Dengan berbagai tahapan tersebut, lanjut Satya, RUU Minerba bisa rampung apabila rancangannya bisa sampai pada tahapan paripurna Agustus mendatang. Sedangkan bila kondisinya sebaliknya, maka bisa jadi pembahasan masih menajdi pekerjaan rumah parlemen pada tahun berikutnya. 

"Kalau sampai Agustus blm bisa di paripurnakan, kecil kemungkinan untuk selesai hari ini. Tapi berproses. Kan kita tidak perlu selesai tahun ini. Kalau misalnya ternyata di paripurnakan bulan September, dia tidak selesai tahun ini tapi selesai kuartal pertama tahun depan," kata Satya. 

Parlamen, lanjut Satya, mendesak pemerintah untuk menerbitkan Perppu (Peraturan Pemerintah Pengganti UU) yang fungsinya mensubstitusi RUU Minerba.

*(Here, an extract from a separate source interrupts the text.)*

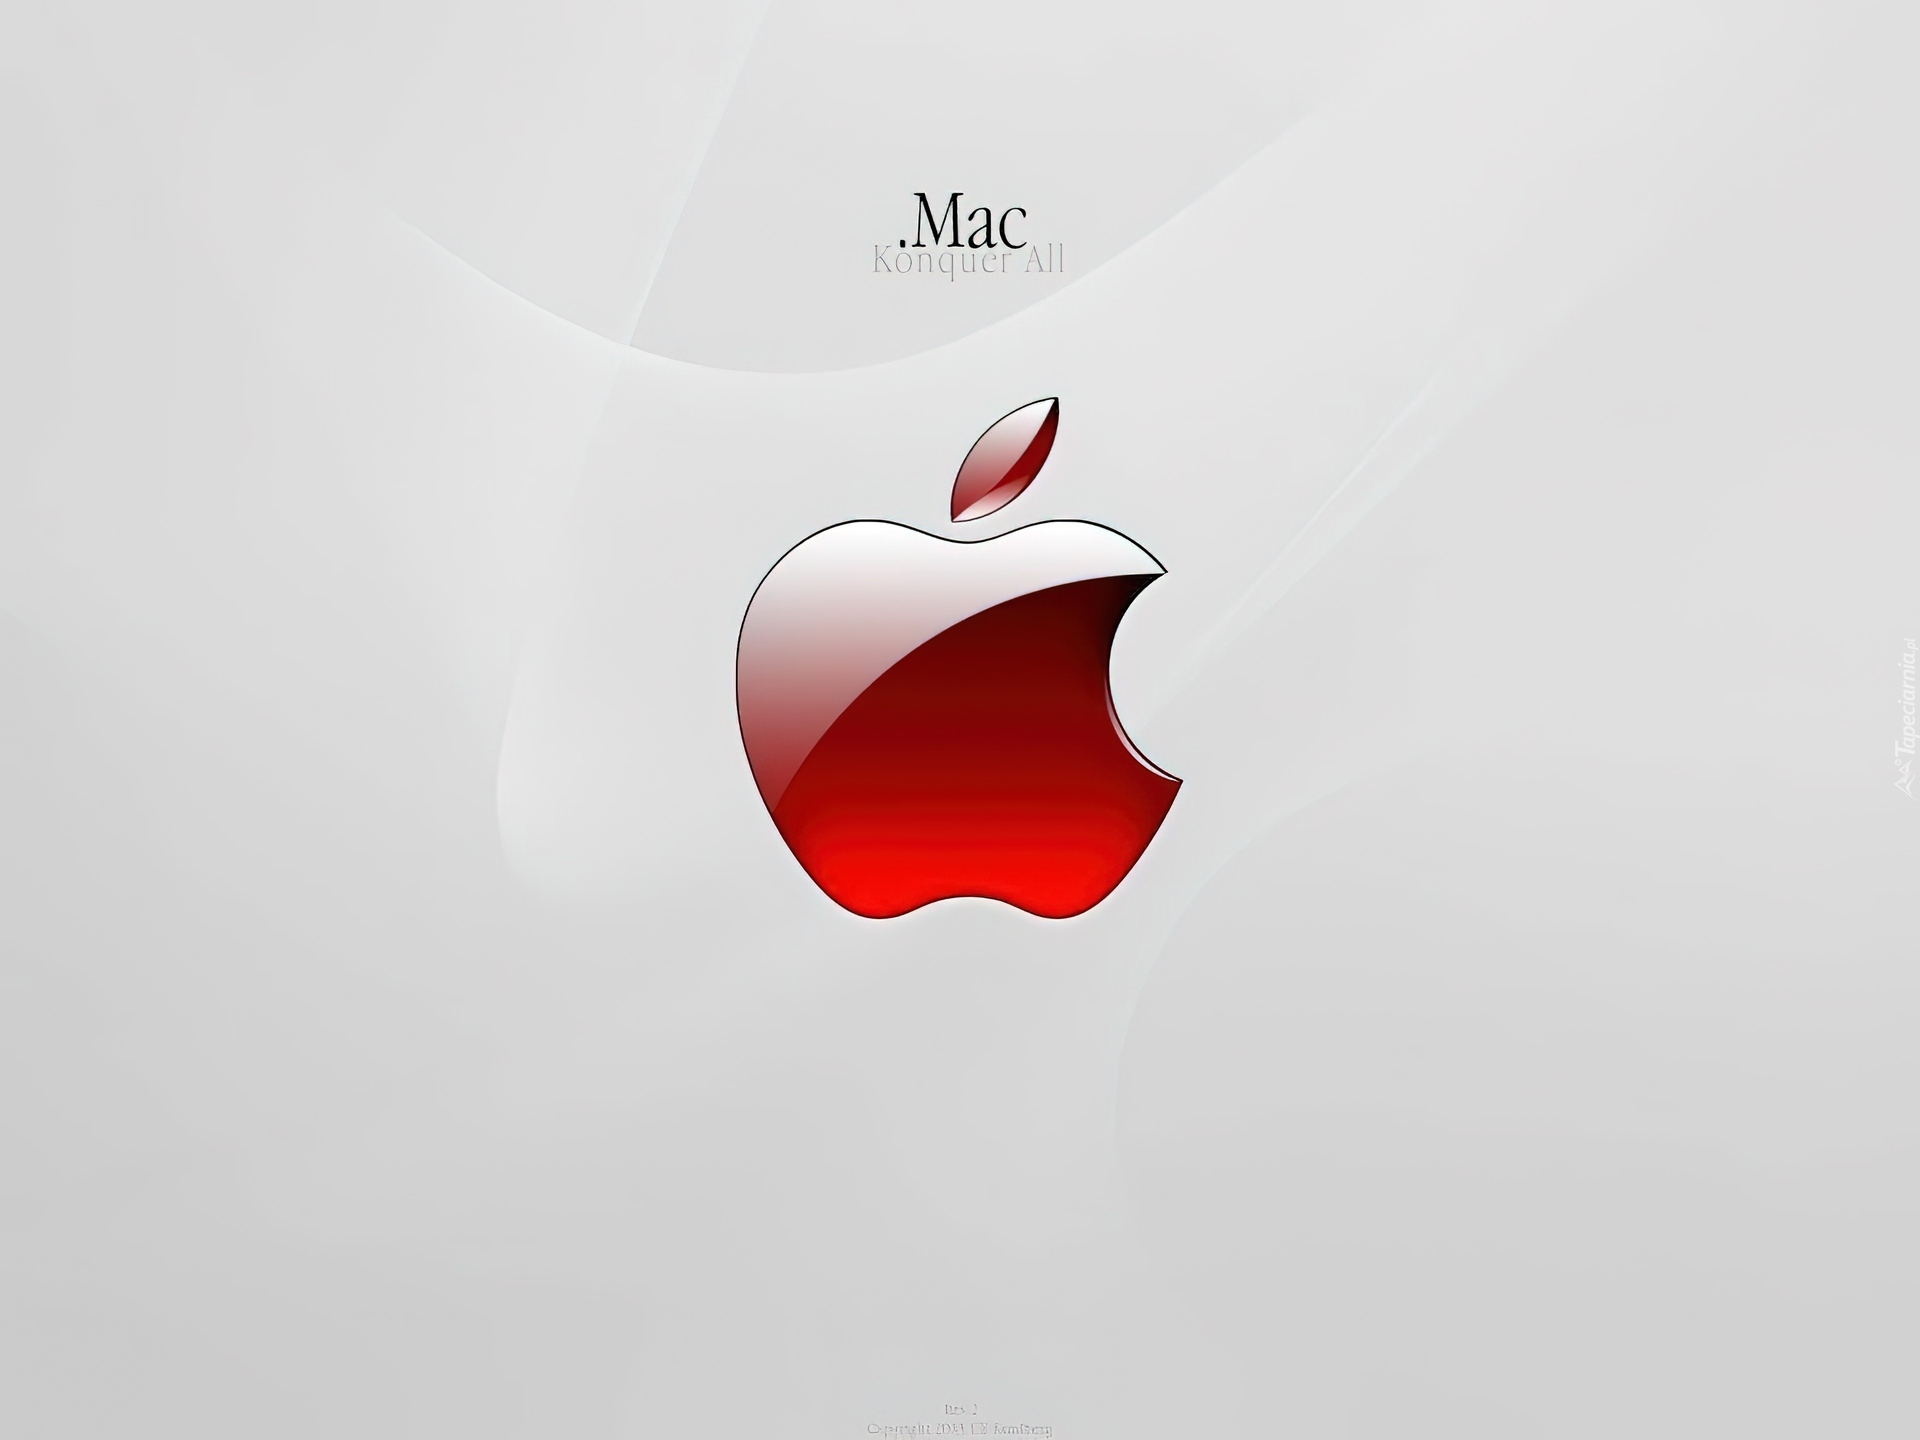 Найти картинку айфона. Логотип Apple. Заставка на айфон. Обои Apple. Заставка эпл.

Ide ini berdasarkan ketetapan pemerintah yang mengacu pada UU Minerba tahun 2009 bahwa mineral mentah dilarang untuk diekspor. Larangan ini berlaku sejak Januari 2014 namun secara spesifik ada korporasi yang masih memperoleh izin ekspor seperti Freeport. 

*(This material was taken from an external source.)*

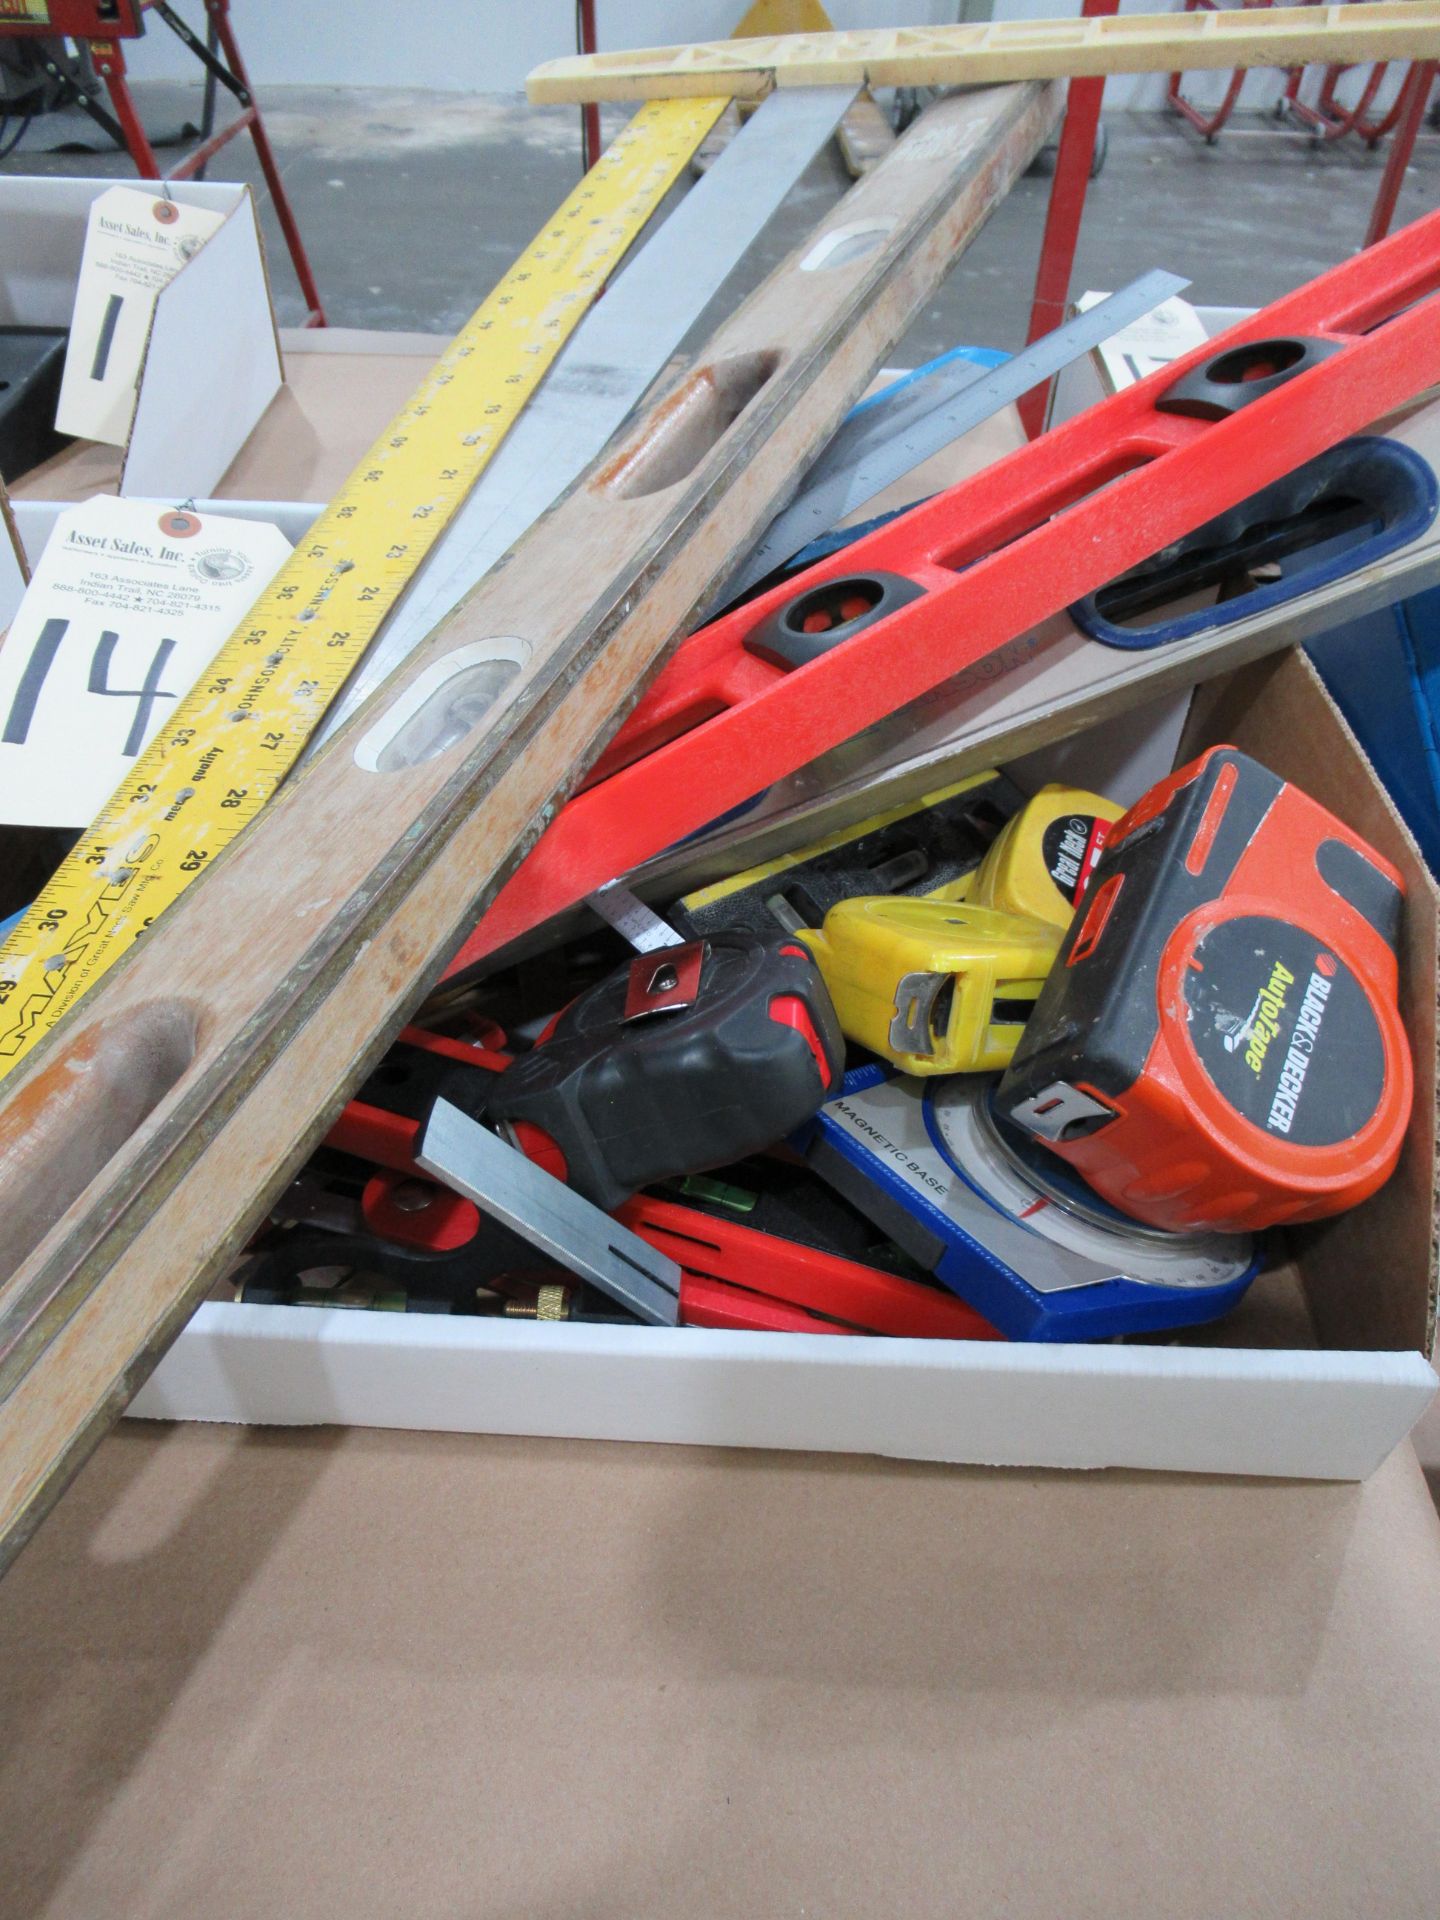 Measurement Tools including Tape Measures, Levels, Protractors, Rulers, Meter Sticks

Satya menilai, langkah pemerintah ini sudah melanggar UU sehingga perlu adanya ketegasan yang tertuang dalam Perppu. "Perppu itu kan bisa mengandung unsur emergency, emergency-nya apa? Pendapatan negara kurang. Jadi ekspor konsentrat belum dimurnikan jelas pendapatan negara turun, dalam konteks Freeport yang bisa dimurnikan di Gresik itu cuma 40 persen," kata Satya. 

Sementara itu, Direktur Jenderal Minerba Kementerian ESDM Bambang Gatot mendesak parlemen untuk bisa segera merampungkan pembahasan soal RUU Minerba. Meski sampai saat ini belum ada kemajuan berarti, Bambang yakin akhir tahun ini pembahasan RUU Minerba bisa rampung. 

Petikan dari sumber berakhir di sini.